(About this task)
What is needed is an exact copy of every line in the listing.

===== Provided information =====

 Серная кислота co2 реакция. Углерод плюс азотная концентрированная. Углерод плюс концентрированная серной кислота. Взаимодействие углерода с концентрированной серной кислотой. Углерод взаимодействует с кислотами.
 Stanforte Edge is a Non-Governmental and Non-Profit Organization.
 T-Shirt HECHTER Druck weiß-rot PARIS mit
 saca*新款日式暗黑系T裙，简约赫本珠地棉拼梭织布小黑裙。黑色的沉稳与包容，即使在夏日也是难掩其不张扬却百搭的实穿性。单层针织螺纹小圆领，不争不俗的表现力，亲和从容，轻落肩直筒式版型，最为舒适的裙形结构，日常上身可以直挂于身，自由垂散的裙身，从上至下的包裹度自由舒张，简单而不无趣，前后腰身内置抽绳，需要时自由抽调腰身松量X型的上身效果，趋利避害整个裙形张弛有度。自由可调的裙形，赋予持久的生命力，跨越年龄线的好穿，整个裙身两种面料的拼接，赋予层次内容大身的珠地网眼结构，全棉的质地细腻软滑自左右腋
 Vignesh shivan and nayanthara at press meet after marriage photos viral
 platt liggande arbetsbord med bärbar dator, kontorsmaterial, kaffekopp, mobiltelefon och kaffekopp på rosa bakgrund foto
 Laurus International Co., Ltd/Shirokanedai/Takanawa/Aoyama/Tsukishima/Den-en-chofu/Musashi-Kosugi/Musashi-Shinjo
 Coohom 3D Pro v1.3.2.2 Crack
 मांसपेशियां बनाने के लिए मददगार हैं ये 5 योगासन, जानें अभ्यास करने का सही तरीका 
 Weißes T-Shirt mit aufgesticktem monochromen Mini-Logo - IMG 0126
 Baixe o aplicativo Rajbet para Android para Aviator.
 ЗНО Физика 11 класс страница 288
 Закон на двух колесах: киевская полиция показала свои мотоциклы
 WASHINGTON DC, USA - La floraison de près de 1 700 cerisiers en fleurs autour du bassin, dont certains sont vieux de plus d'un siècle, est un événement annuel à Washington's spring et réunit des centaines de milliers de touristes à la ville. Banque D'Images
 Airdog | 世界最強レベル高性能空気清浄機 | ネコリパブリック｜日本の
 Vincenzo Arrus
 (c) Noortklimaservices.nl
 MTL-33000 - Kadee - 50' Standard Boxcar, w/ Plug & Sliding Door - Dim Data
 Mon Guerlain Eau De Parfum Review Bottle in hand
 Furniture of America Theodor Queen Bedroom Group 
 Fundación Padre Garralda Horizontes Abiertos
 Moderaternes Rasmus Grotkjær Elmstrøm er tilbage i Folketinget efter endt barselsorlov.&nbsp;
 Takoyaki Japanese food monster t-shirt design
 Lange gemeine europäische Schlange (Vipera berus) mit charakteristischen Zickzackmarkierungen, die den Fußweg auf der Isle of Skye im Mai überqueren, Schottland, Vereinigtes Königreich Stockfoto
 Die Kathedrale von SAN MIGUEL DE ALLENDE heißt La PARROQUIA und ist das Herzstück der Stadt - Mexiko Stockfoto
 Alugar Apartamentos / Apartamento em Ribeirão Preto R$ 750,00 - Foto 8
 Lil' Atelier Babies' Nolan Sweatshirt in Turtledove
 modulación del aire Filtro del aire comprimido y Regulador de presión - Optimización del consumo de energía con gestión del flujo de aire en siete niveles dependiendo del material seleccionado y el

=====

(The answer)
 Серная кислота co2 реакция. Углерод плюс азотная концентрированная. Углерод плюс концентрированная серной кислота. Взаимодействие углерода с концентрированной серной кислотой. Углерод взаимодействует с кислотами.
 Stanforte Edge is a Non-Governmental and Non-Profit Organization.
 T-Shirt HECHTER Druck weiß-rot PARIS mit
 saca*新款日式暗黑系T裙，简约赫本珠地棉拼梭织布小黑裙。黑色的沉稳与包容，即使在夏日也是难掩其不张扬却百搭的实穿性。单层针织螺纹小圆领，不争不俗的表现力，亲和从容，轻落肩直筒式版型，最为舒适的裙形结构，日常上身可以直挂于身，自由垂散的裙身，从上至下的包裹度自由舒张，简单而不无趣，前后腰身内置抽绳，需要时自由抽调腰身松量X型的上身效果，趋利避害整个裙形张弛有度。自由可调的裙形，赋予持久的生命力，跨越年龄线的好穿，整个裙身两种面料的拼接，赋予层次内容大身的珠地网眼结构，全棉的质地细腻软滑自左右腋
 Vignesh shivan and nayanthara at press meet after marriage photos viral
 platt liggande arbetsbord med bärbar dator, kontorsmaterial, kaffekopp, mobiltelefon och kaffekopp på rosa bakgrund foto
 Laurus International Co., Ltd/Shirokanedai/Takanawa/Aoyama/Tsukishima/Den-en-chofu/Musashi-Kosugi/Musashi-Shinjo
 Coohom 3D Pro v1.3.2.2 Crack
 मांसपेशियां बनाने के लिए मददगार हैं ये 5 योगासन, जानें अभ्यास करने का सही तरीका 
 Weißes T-Shirt mit aufgesticktem monochromen Mini-Logo - IMG 0126
 Baixe o aplicativo Rajbet para Android para Aviator.
 ЗНО Физика 11 класс страница 288
 Закон на двух колесах: киевская полиция показала свои мотоциклы
 WASHINGTON DC, USA - La floraison de près de 1 700 cerisiers en fleurs autour du bassin, dont certains sont vieux de plus d'un siècle, est un événement annuel à Washington's spring et réunit des centaines de milliers de touristes à la ville. Banque D'Images
 Airdog | 世界最強レベル高性能空気清浄機 | ネコリパブリック｜日本の
 Vincenzo Arrus
 (c) Noortklimaservices.nl
 MTL-33000 - Kadee - 50' Standard Boxcar, w/ Plug & Sliding Door - Dim Data
 Mon Guerlain Eau De Parfum Review Bottle in hand
 Furniture of America Theodor Queen Bedroom Group 
 Fundación Padre Garralda Horizontes Abiertos
 Moderaternes Rasmus Grotkjær Elmstrøm er tilbage i Folketinget efter endt barselsorlov.&nbsp;
 Takoyaki Japanese food monster t-shirt design
 Lange gemeine europäische Schlange (Vipera berus) mit charakteristischen Zickzackmarkierungen, die den Fußweg auf der Isle of Skye im Mai überqueren, Schottland, Vereinigtes Königreich Stockfoto
 Die Kathedrale von SAN MIGUEL DE ALLENDE heißt La PARROQUIA und ist das Herzstück der Stadt - Mexiko Stockfoto
 Alugar Apartamentos / Apartamento em Ribeirão Preto R$ 750,00 - Foto 8
 Lil' Atelier Babies' Nolan Sweatshirt in Turtledove
 modulación del aire Filtro del aire comprimido y Regulador de presión - Optimización del consumo de energía con gestión del flujo de aire en siete niveles dependiendo del material seleccionado y el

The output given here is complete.